= Dataset content =

────────────────────────────────────────

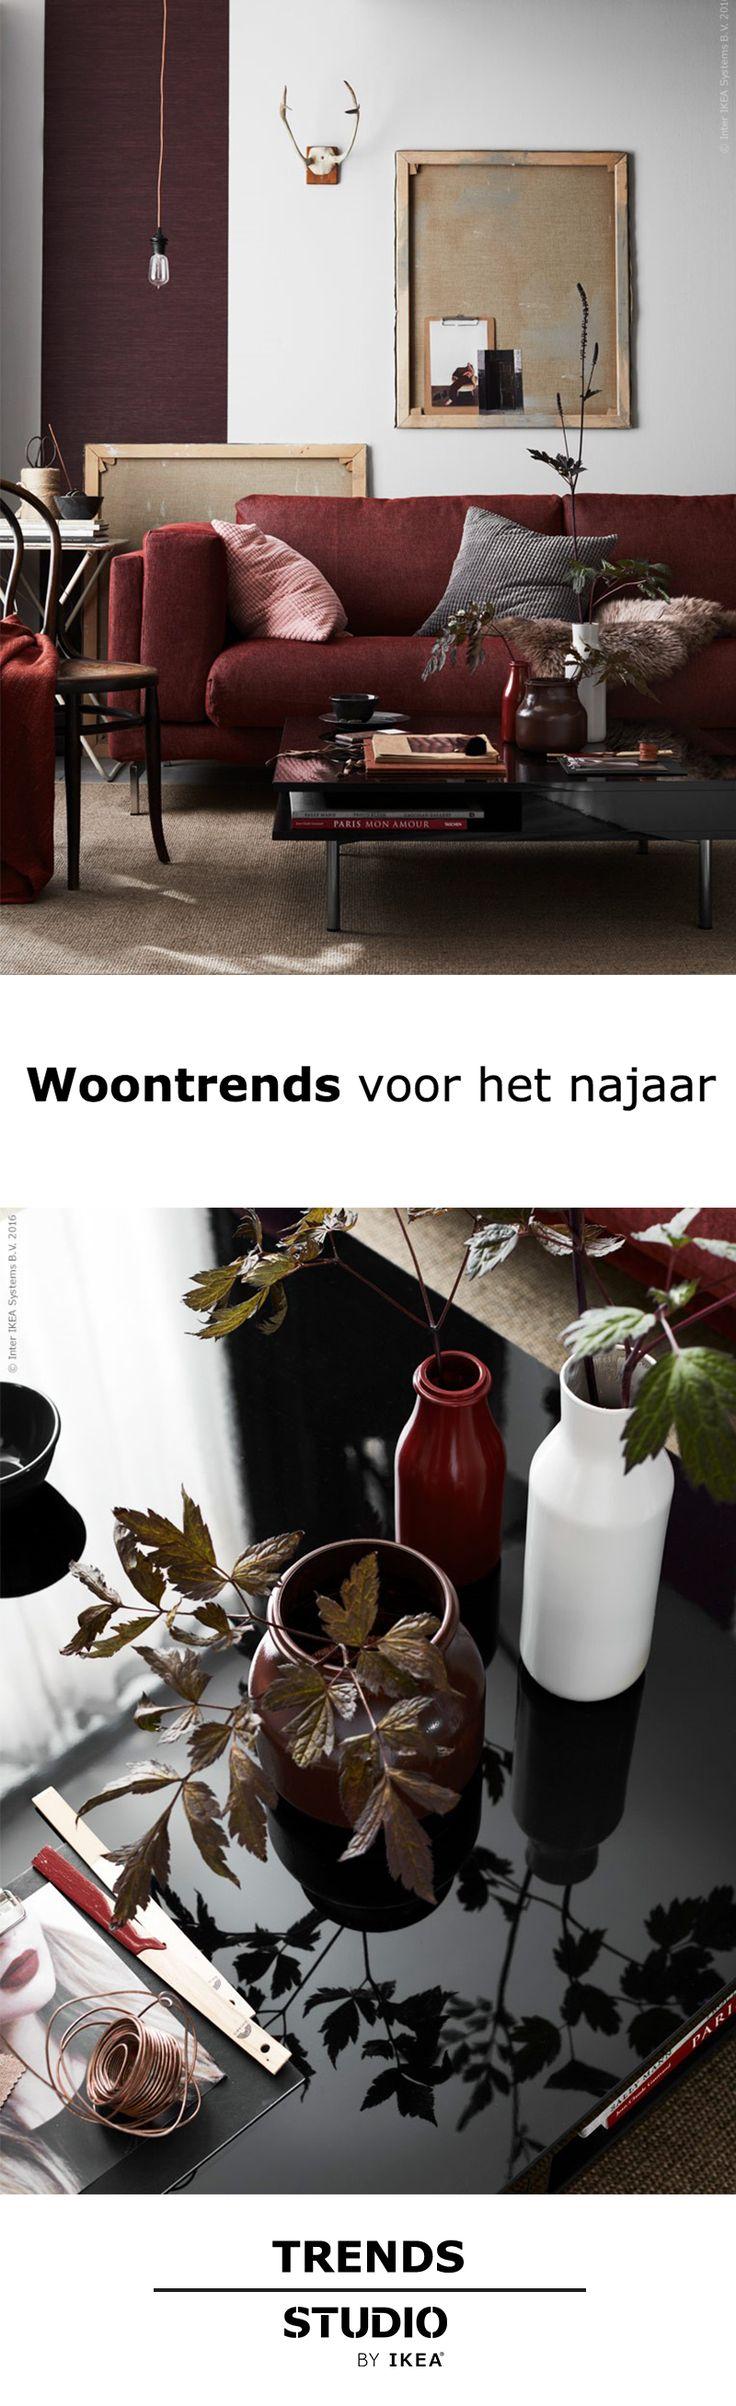 STUDIO by IKEA - Woontrends voor het najaar | IKEA IKEAnl IKEAnederland wooninspiratie inspiratie trend styling interieur kleur rood bruin oranje roze groen herfst winter
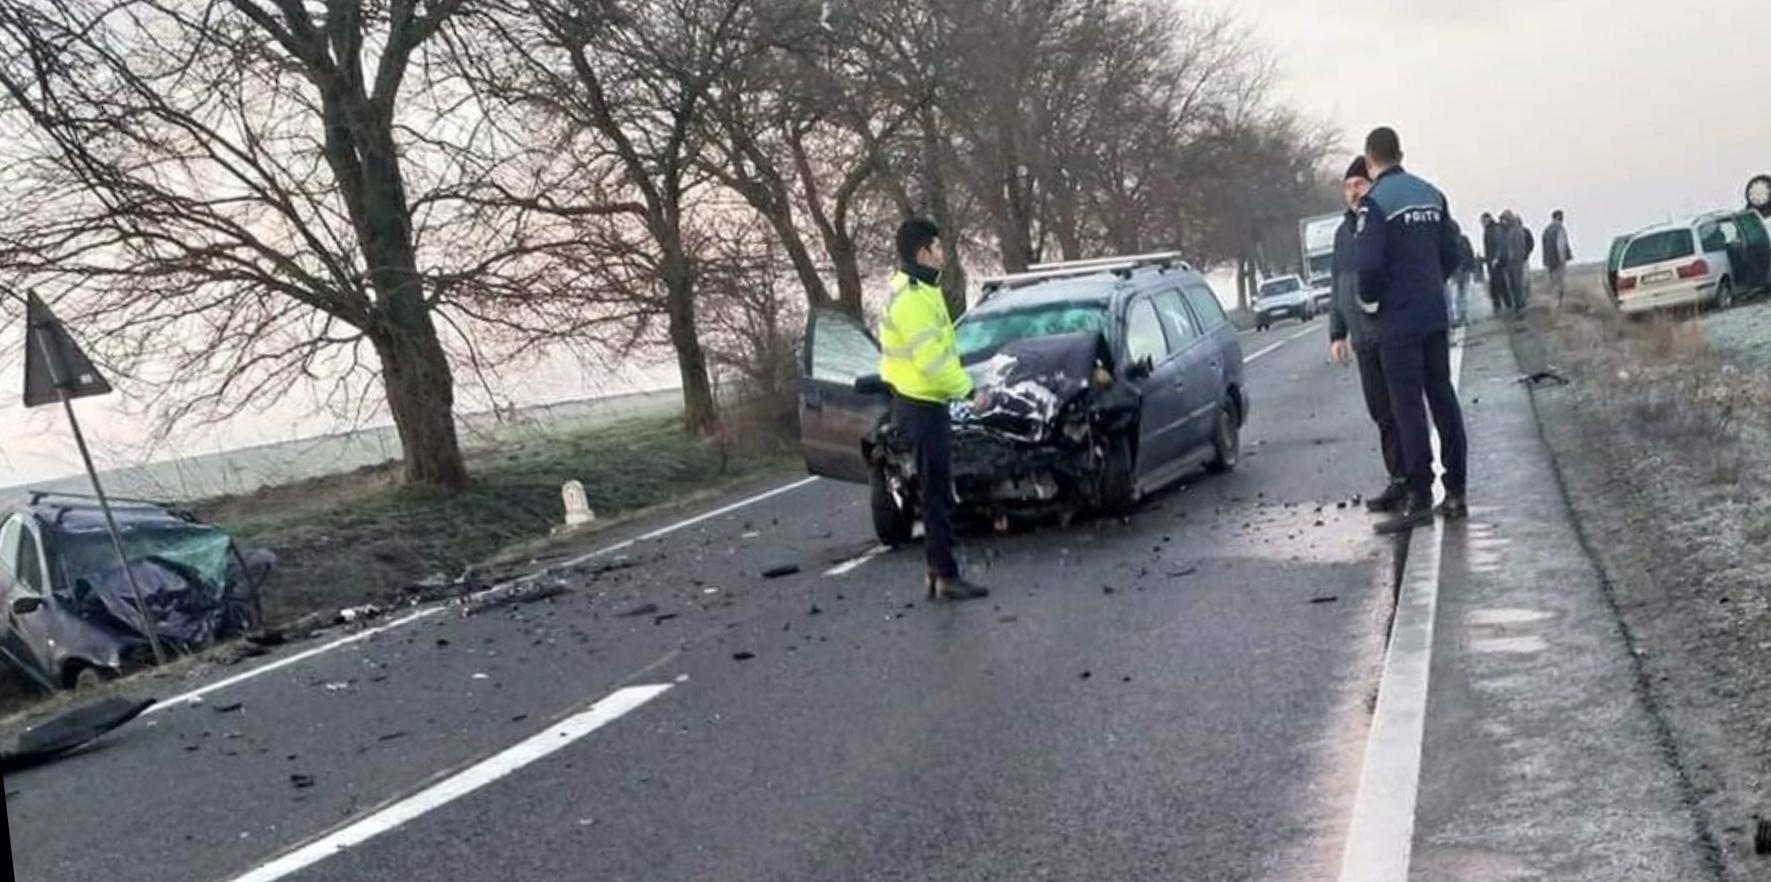 Accident mortal în Bihor! 4 autoturisme implicate, o persoana a decedat!
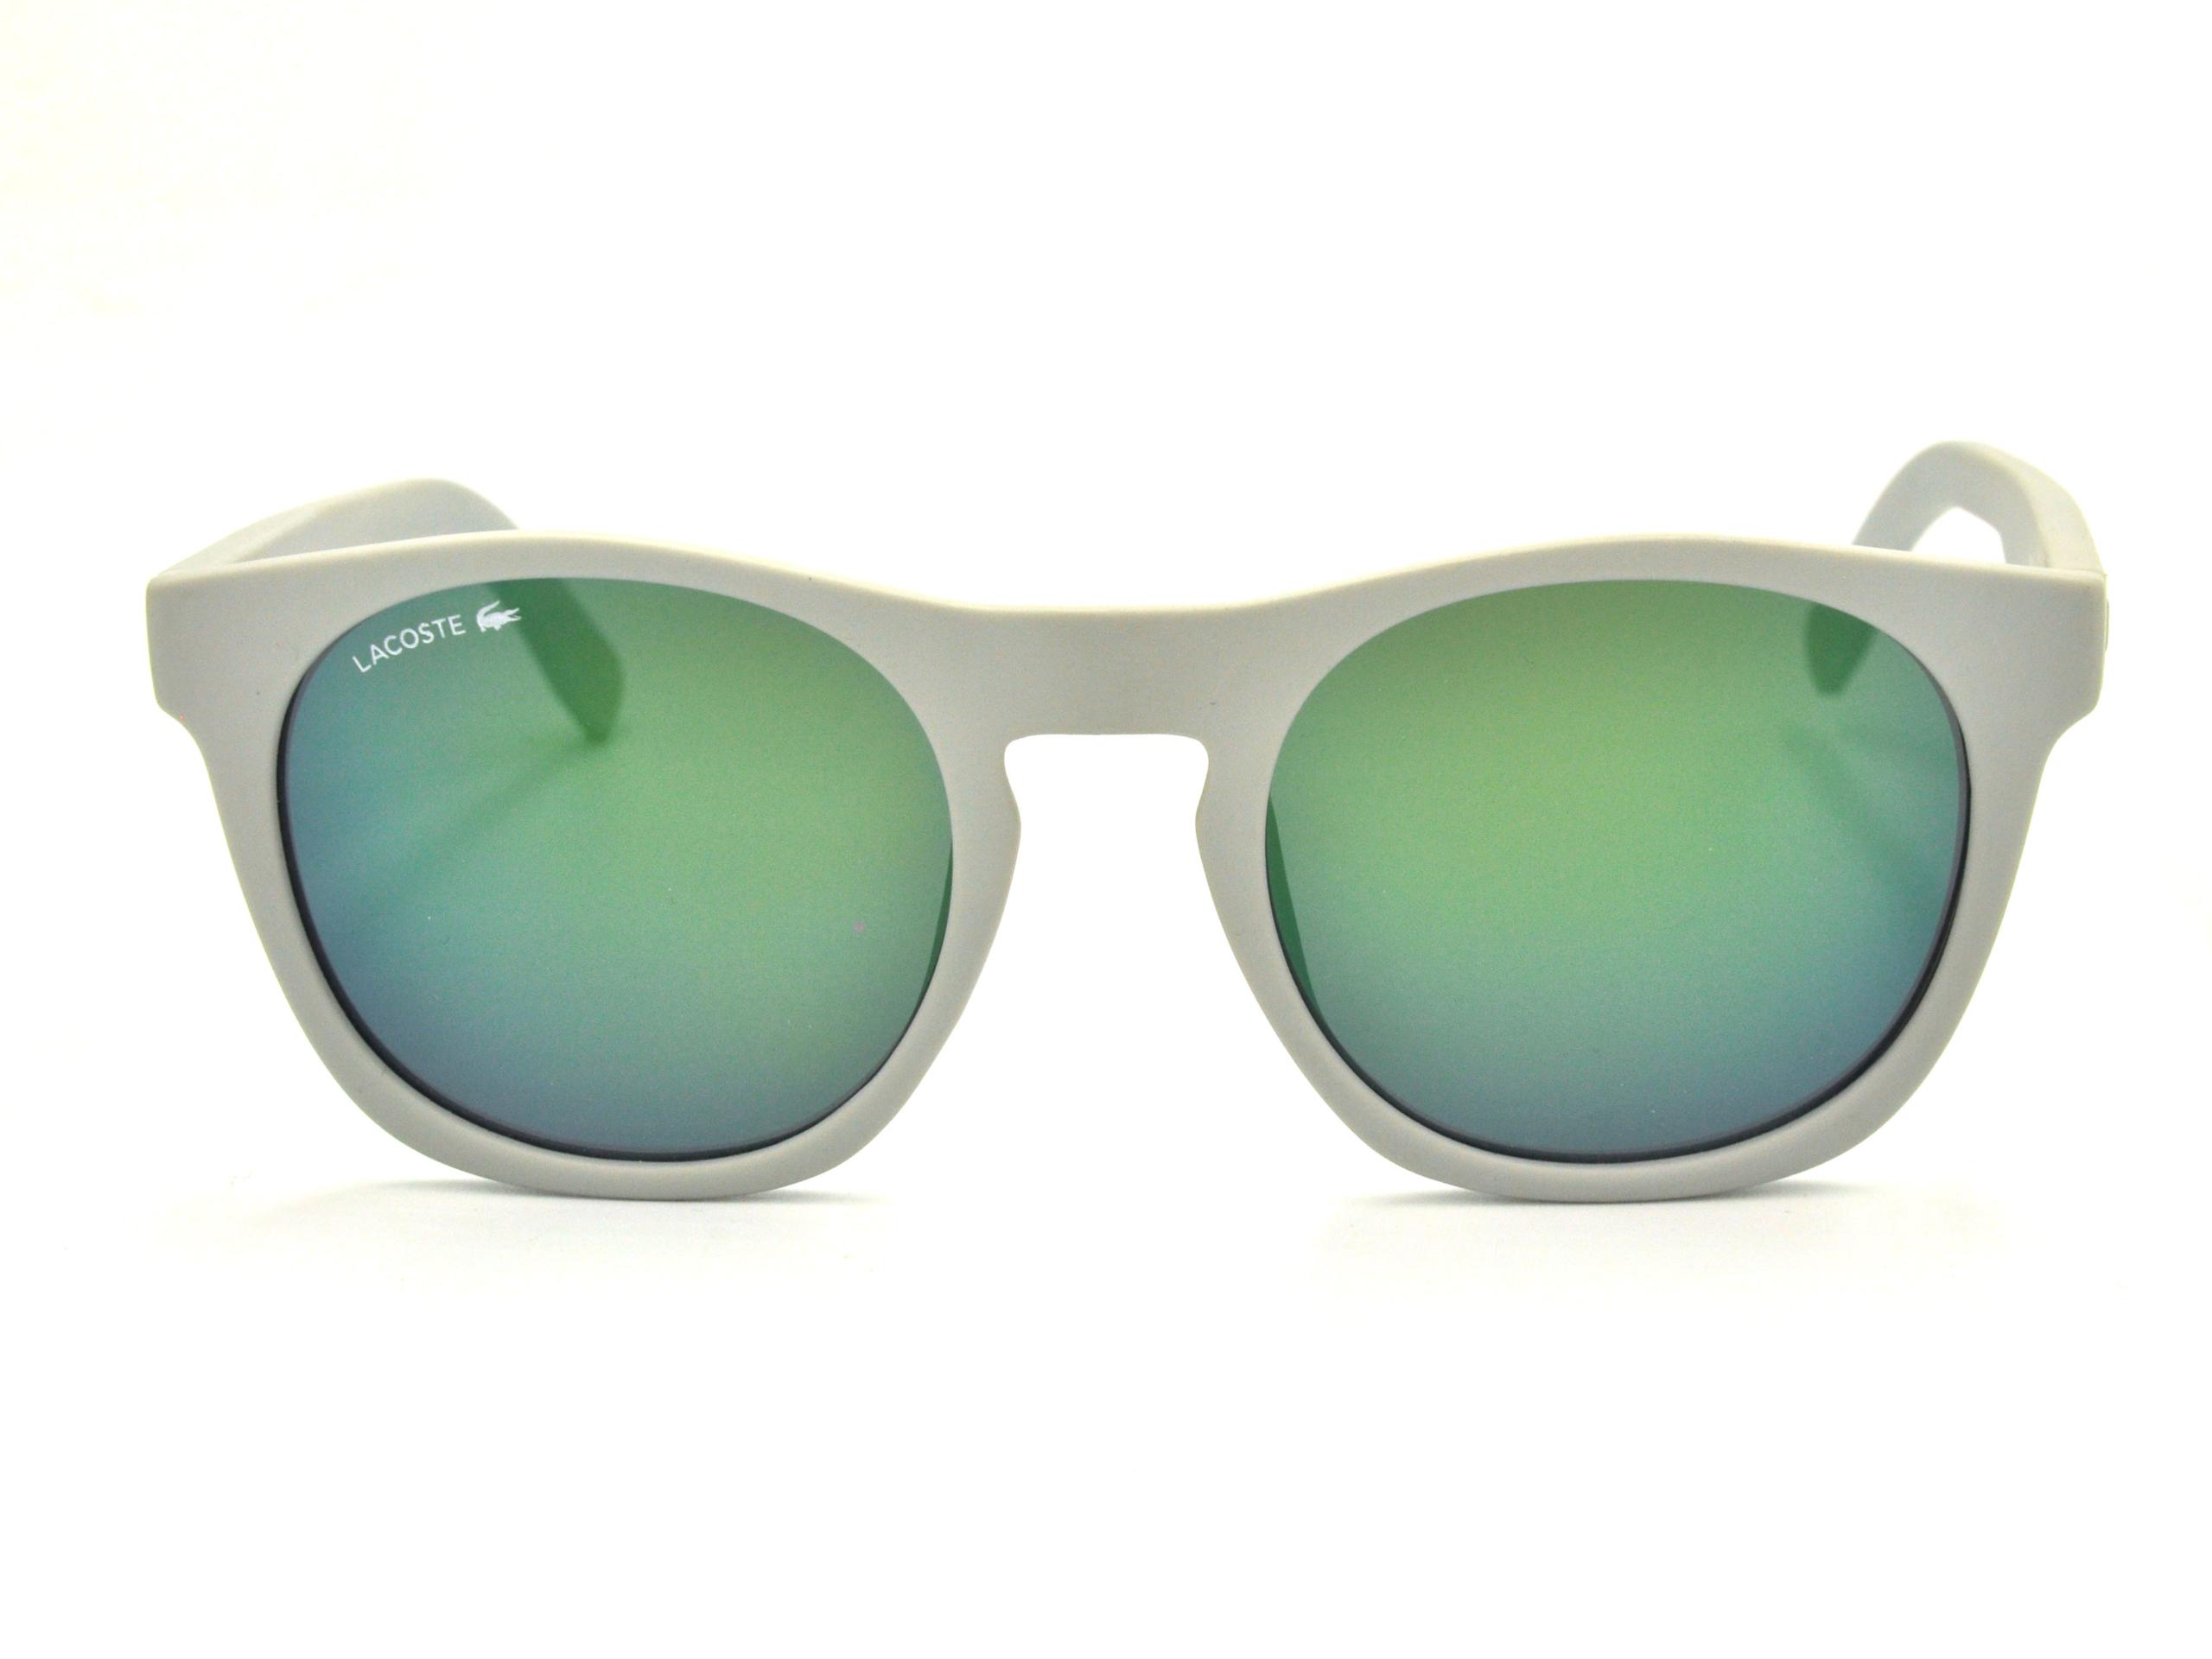 Γυαλιά ηλίου LACOSTE L868S 035 51-21-140 Πειραιάς

────────────────────────────────────────

= Task description =
Your answer must be an exact copy of the listing, with every picture omitted.

= Task output =
 STUDIO by IKEA - Woontrends voor het najaar | IKEA IKEAnl IKEAnederland wooninspiratie inspiratie trend styling interieur kleur rood bruin oranje roze groen herfst winter
 Accident mortal în Bihor! 4 autoturisme implicate, o persoana a decedat!
 Γυαλιά ηλίου LACOSTE L868S 035 51-21-140 Πειραιάς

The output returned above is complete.